Laura Olney knew that there was something wrong with the old man, Moses, the moment she laid her eyes on him again in the holding cell when she stood by Sergeant Moncho. He was in a straightjacket, back facing her as she was peeking through the window in the door. Bribing the guard hadn't been easy, but it was a matter of time before he returned to get her, and she had to talk to the old man now.

Her research on Dr. Herbert West and the Miskatonic Massacre – as well as his re-animation experiments covered up as a hoax – led her to believe maybe it wasn't a fable after all. Her previous story on how the state prison functioned wasn't working at all, so this proved far better and more interesting. And maybe be my breakthrough story. Perhaps it could prove to the world that...re-animation of "dead tissue" isn't fiction as they say it is. Her friendship with Heather had caused the doctor to open up to her, feeling like keeping this a secret wasn't right which was a weakness she'd been taught early on; trusting the wrong person got you into trouble every time. But Laura was a journalist, and she had a job to do and an apartment to keep.

She hesitantly stepped closer to the old man; he might be in a straightjacket, but he still scared her. "Hi," she said nervously, getting out her tape recorder. "I'm Laura Olney, and I'm a journalist. I want to talk to you about what happened last week, okay? Do you..." She took one more step forward and stopped. "...remember what Dr. West did to you?"

The next one made her really unsure if this was a good idea after all, but risks had to be taken, like Heather taught her. "Did you really die from that heart attack?" Her hand was shaking when she reached out to touch his shoulder and slowly turn him around to face her, catching a long, deep red gash at the top left of his skull. "Can I...check your pulse?" Pulses must always be checked; if he doesn't have one, then he must be dead, after all. Or then again, it could be erratically racing.

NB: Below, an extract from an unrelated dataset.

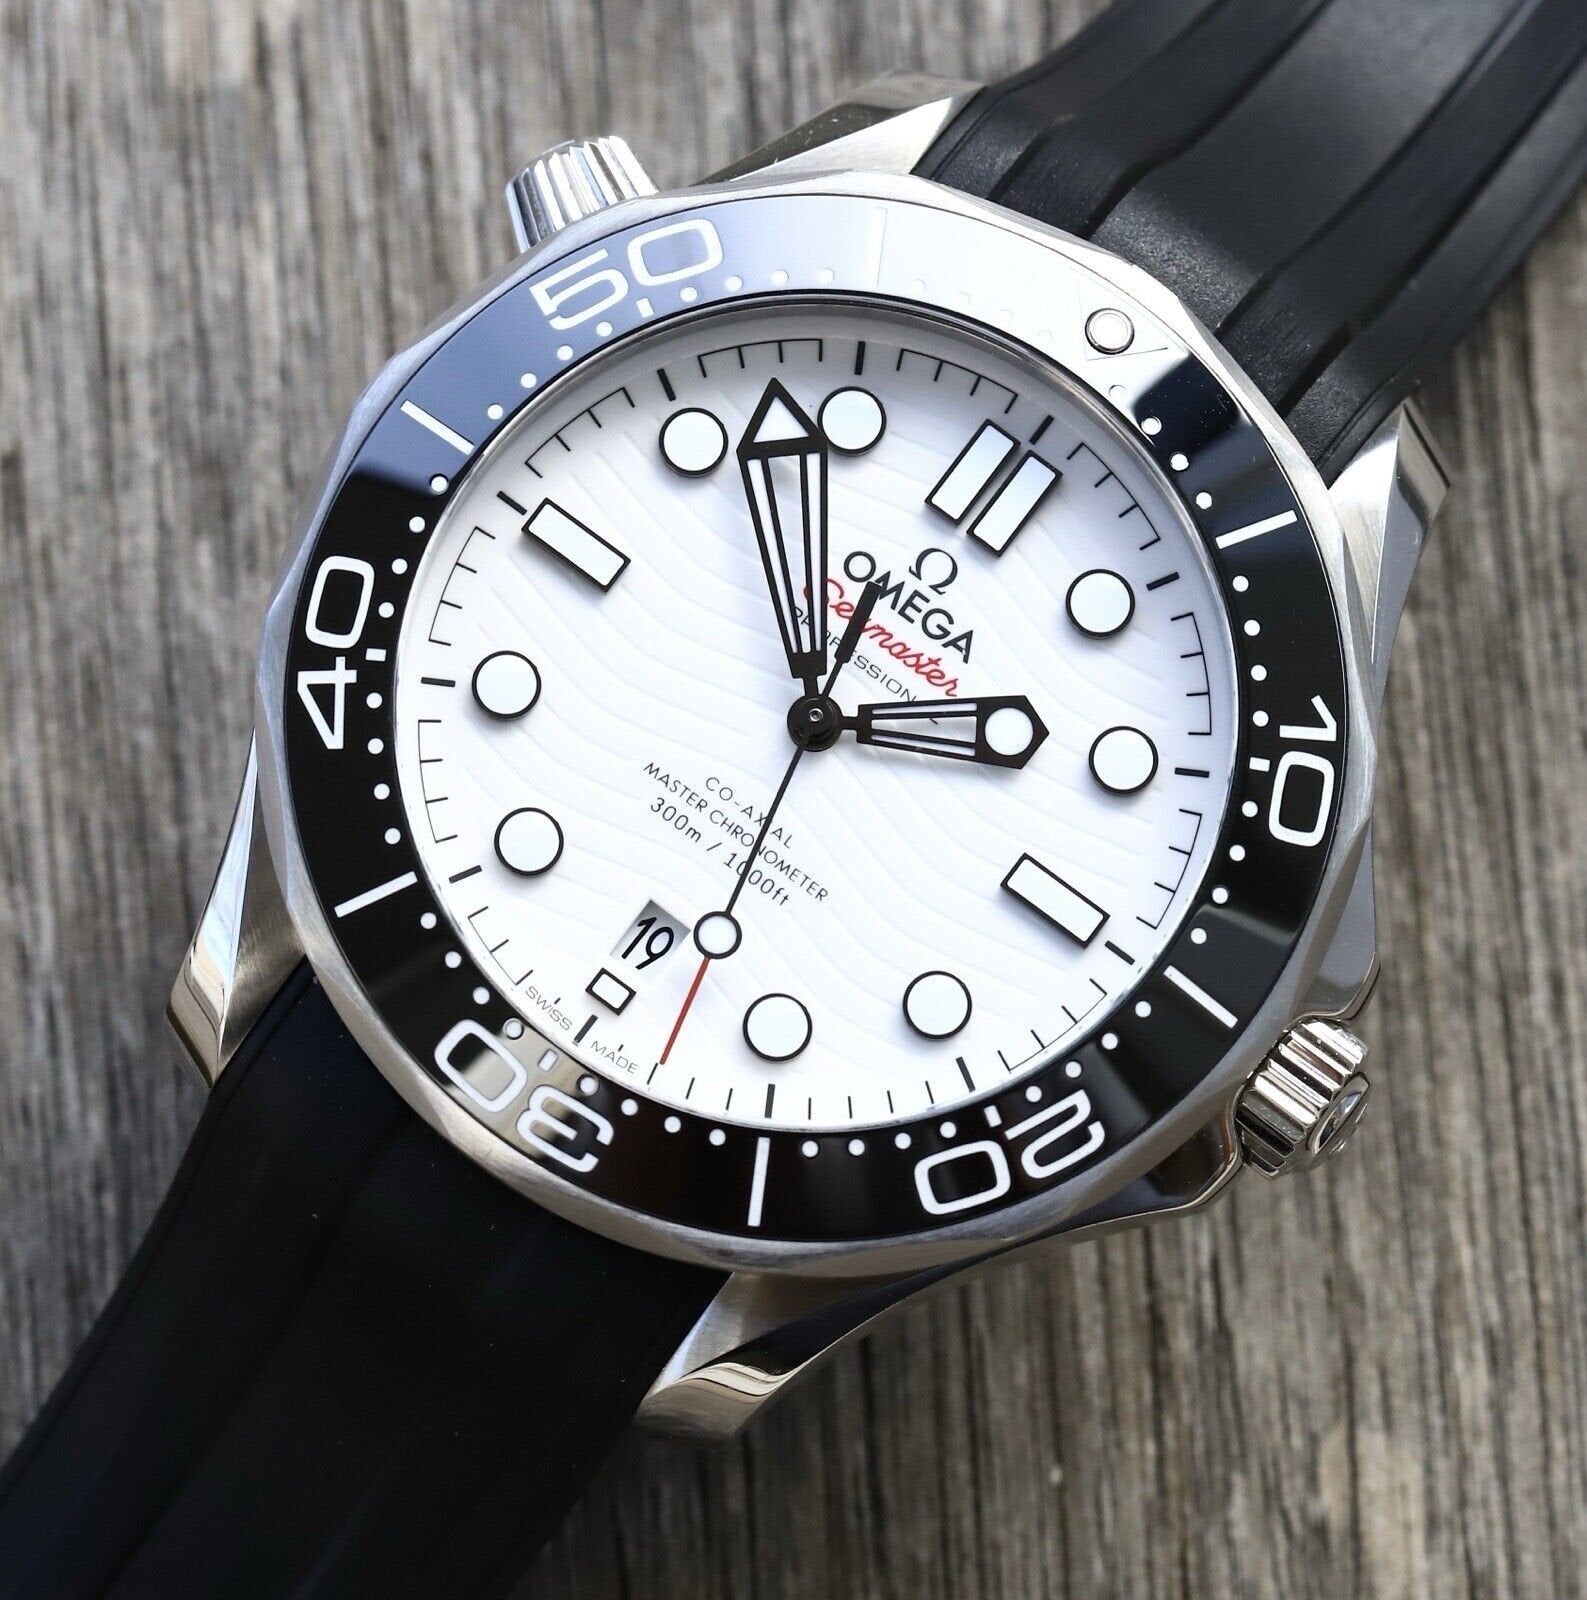 Omega_Seamaster_Diver_300M_Co-Axial_Great_White_42mm_210.32.42.20.04.001_Watch_Vault_03.jpg

Her heart leaped in her chest when his face turned around to show a dark red broil above his left eye, and a maniacal gleam in said eye. And hunger. Laura backed away then. His voice was pitched and low at the same time. "Mother of God..." he croaked, "forgive me."

Laura gulped. "What happened to you?"

He really scared her then with his roar and his lunge forward. "HUNGRY!" was his answer, followed by animalistic snarling that she knew she was in trouble.

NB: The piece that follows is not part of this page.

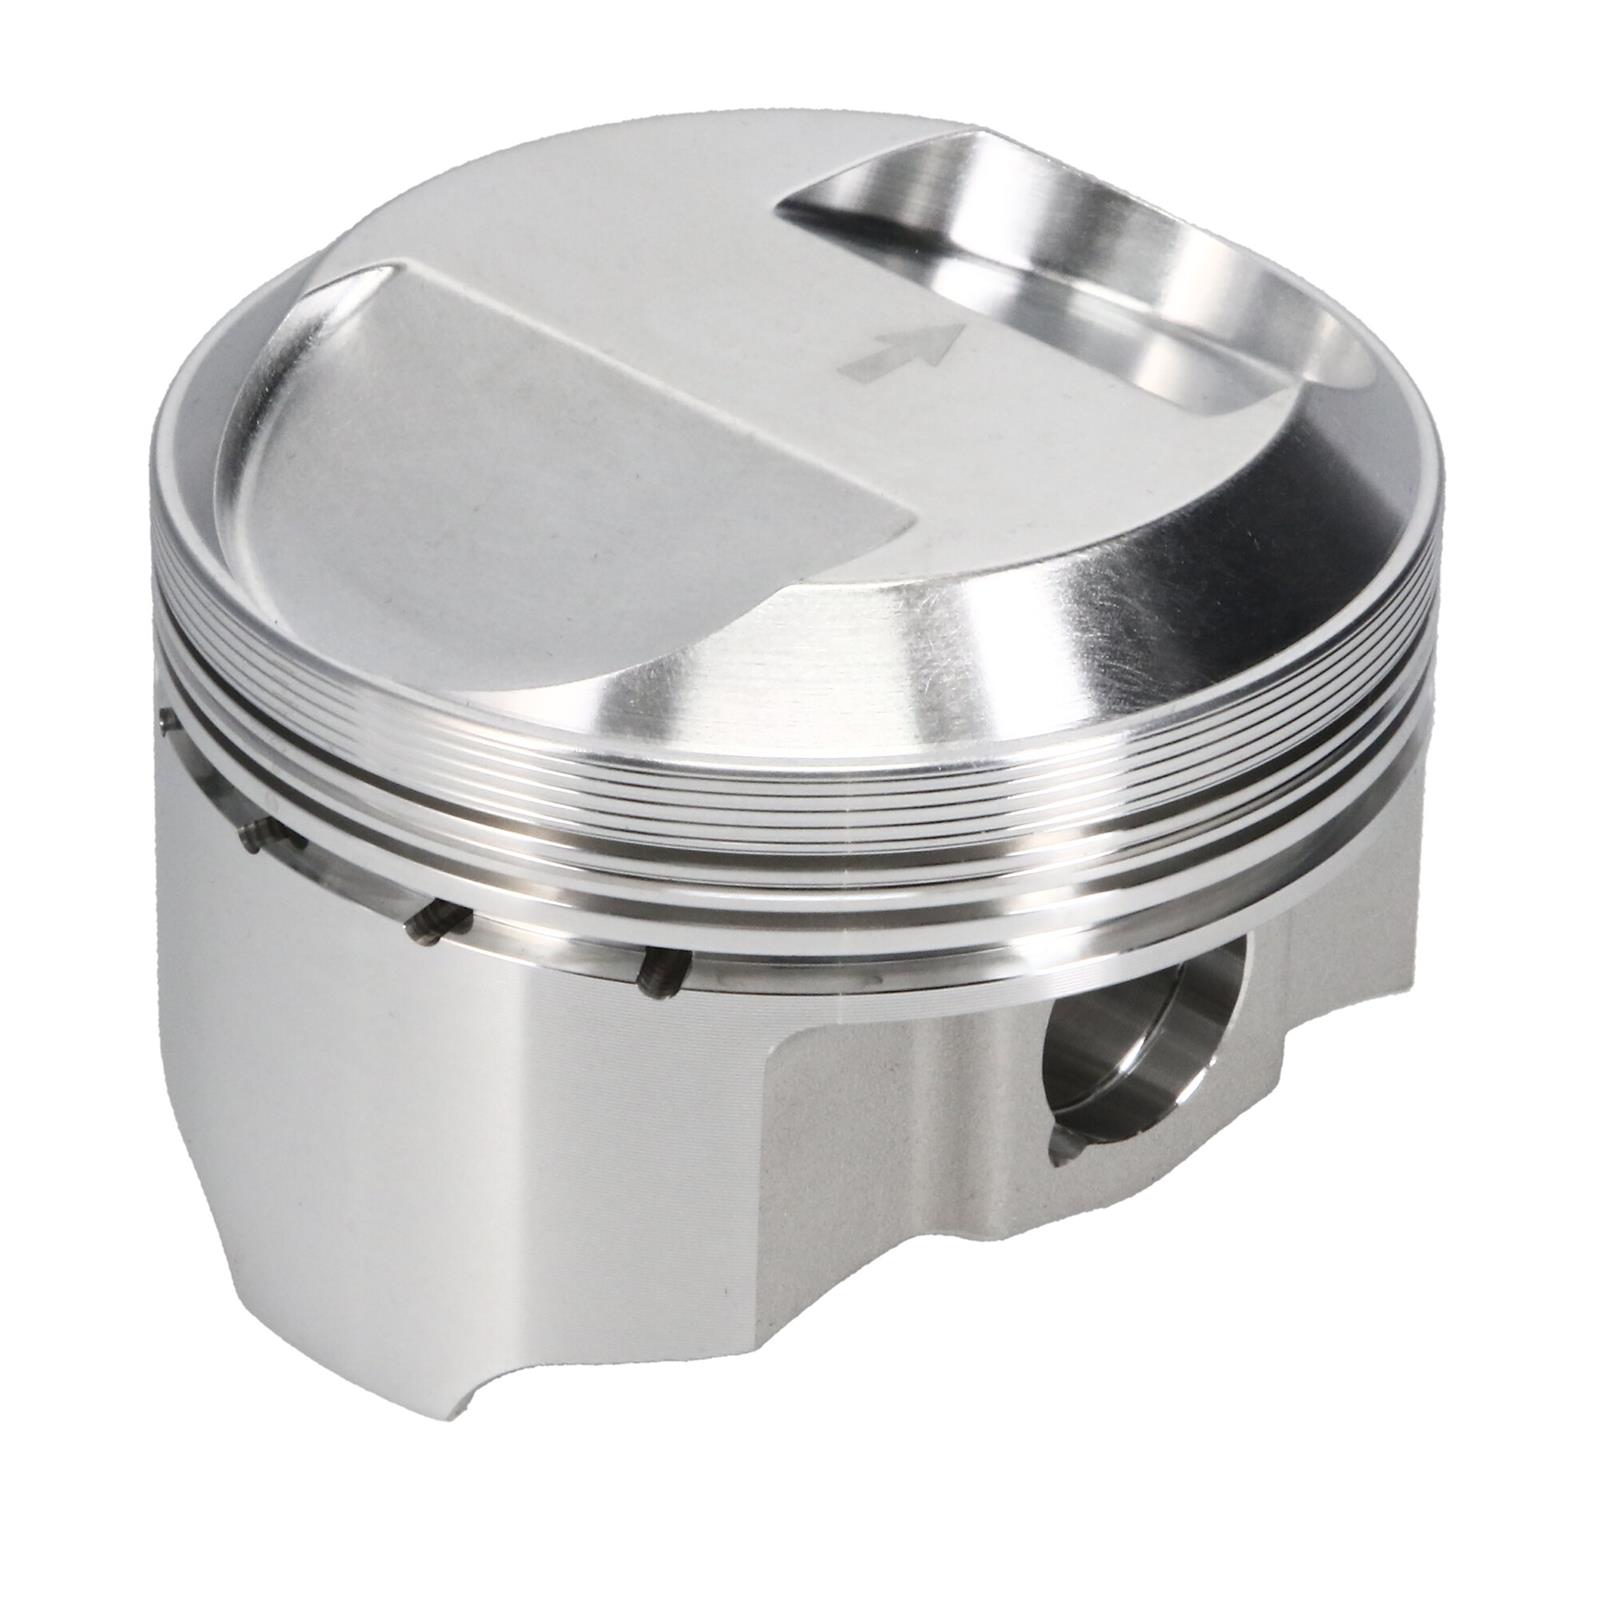 Wiseco 4767M08900 Wiseco Powersports 4-Stroke Forged Series Piston Kits |  Summit Racing

"Sergeant Moncho!" she yelled, no longer caring that the rules were not to call out and risking the Warden or anyone else coming in. Then she heard the door open behind her, and relief washed over her. "Thank God you're here." However, when she turned around, the sergeant wasn't who came to her "rescue".

It was Warden Brando. And he wasn't happy. Murder gleamed in his eyes, and now she knew she'd gone too far.

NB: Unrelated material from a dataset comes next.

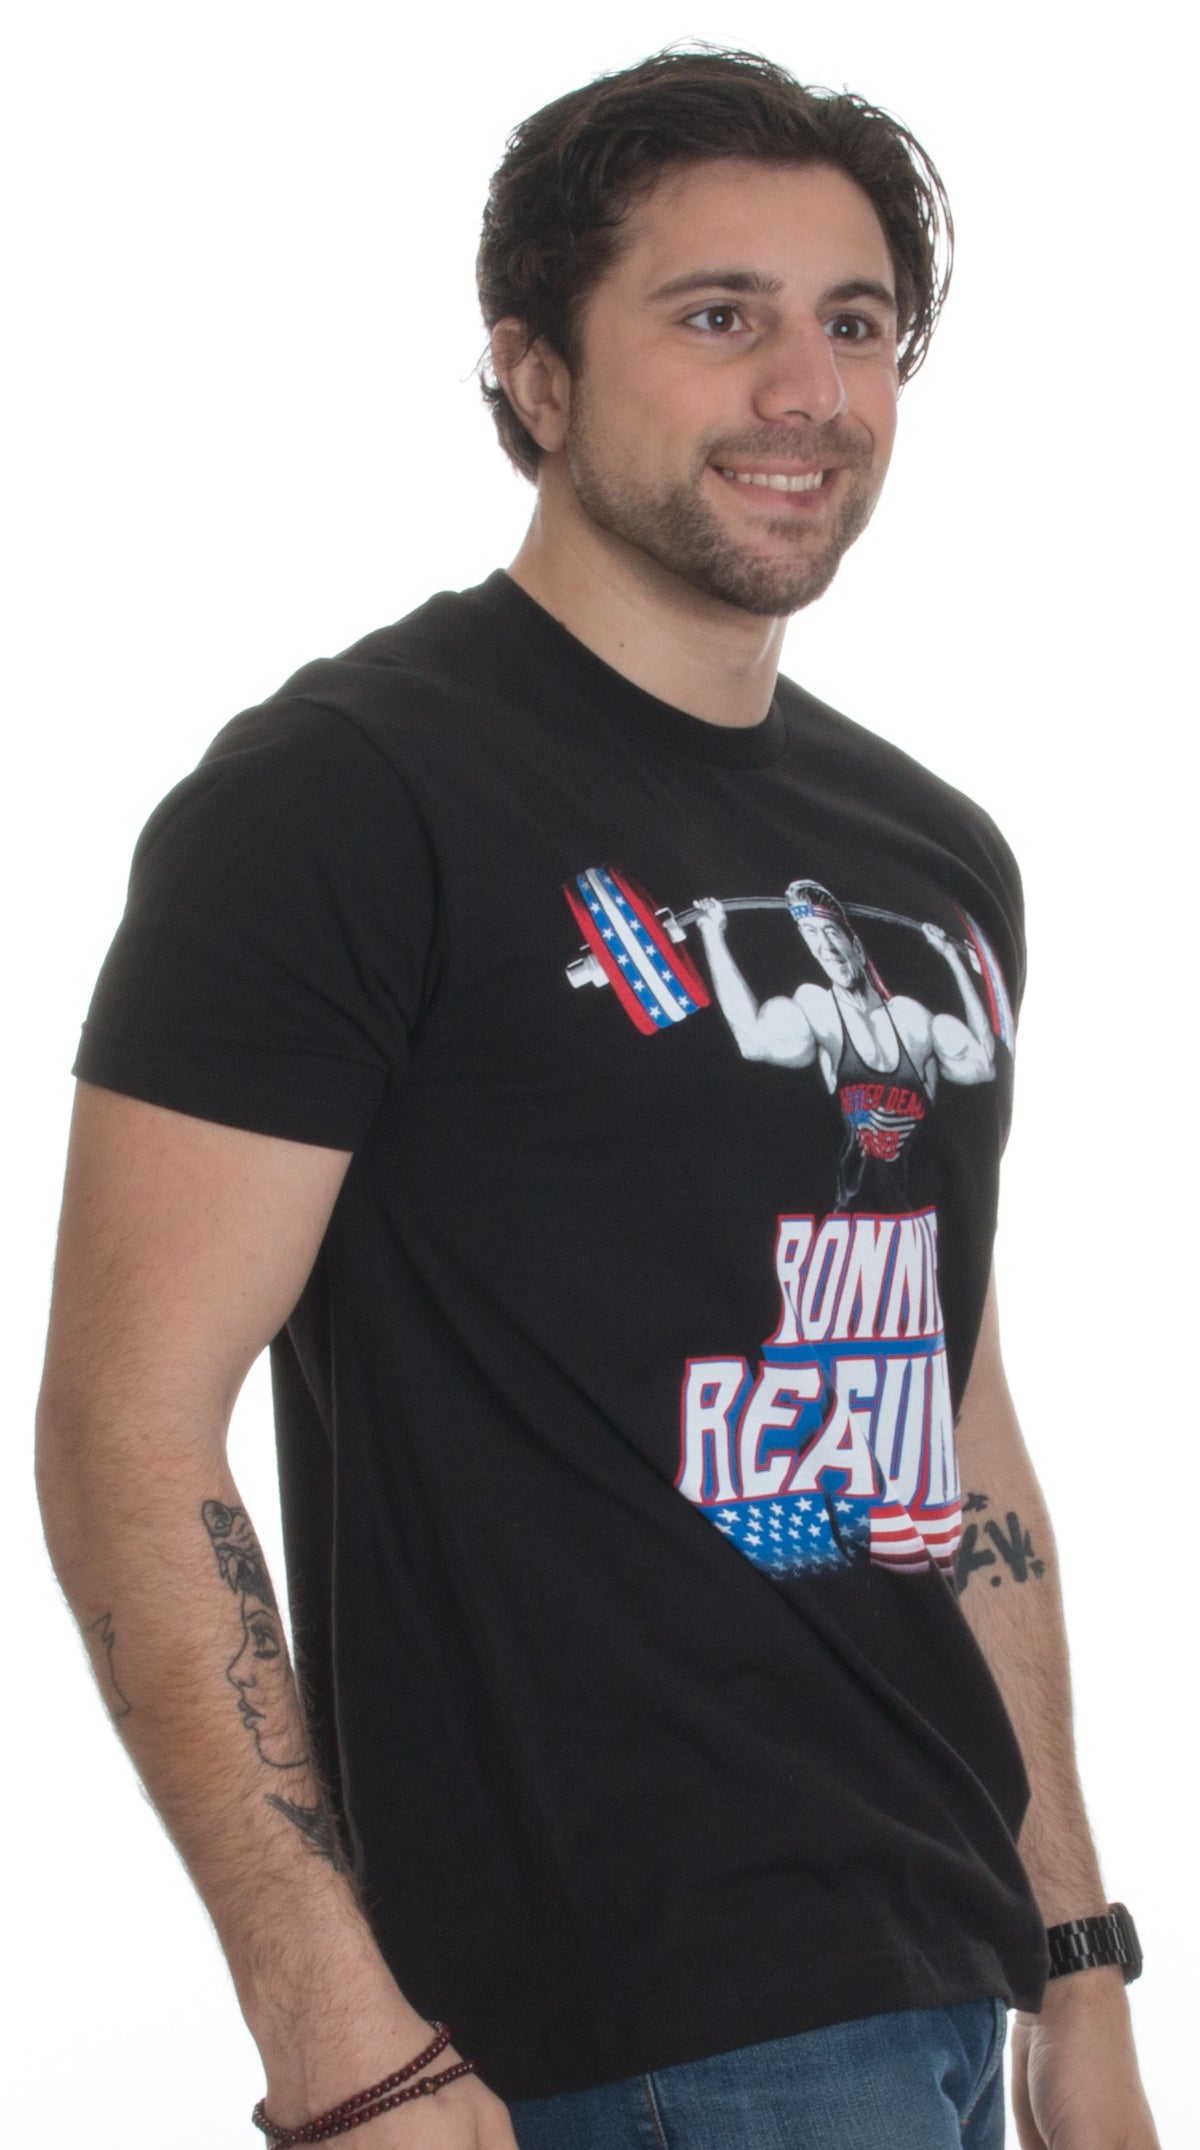 Ronnie ReaGUNS | Funny Muscle Weight Lifting Work Out Patriot Merica USA T-shirt - Men's/Unisex

The information about the mentioned Dr. MacDougal's "dog soul" theory is real, if anyone wants to check that out further. And the bit about the name "Speedball" was from the "Making of" featurette of the movie, said from the actor who plays him, whose name I can't remember OR pronounce. XD In addition, the phrase "oh well" look as it is called was used by a couple other authors, including BlueMilagro's "The Scavenger Bride". It's what I always called it, too. :) Makes sense, too.

One more thing: Leslie Coburn is the main character borrowed from an episode from "The Twilight Zone", called "The Placebo Effect". Jeffrey Combs guest-starred there, and his character's doctor is the one and the same Dr. Coburn. Dr. Eric Moreland is also the original Dr. Hill character in Lovecraft's story.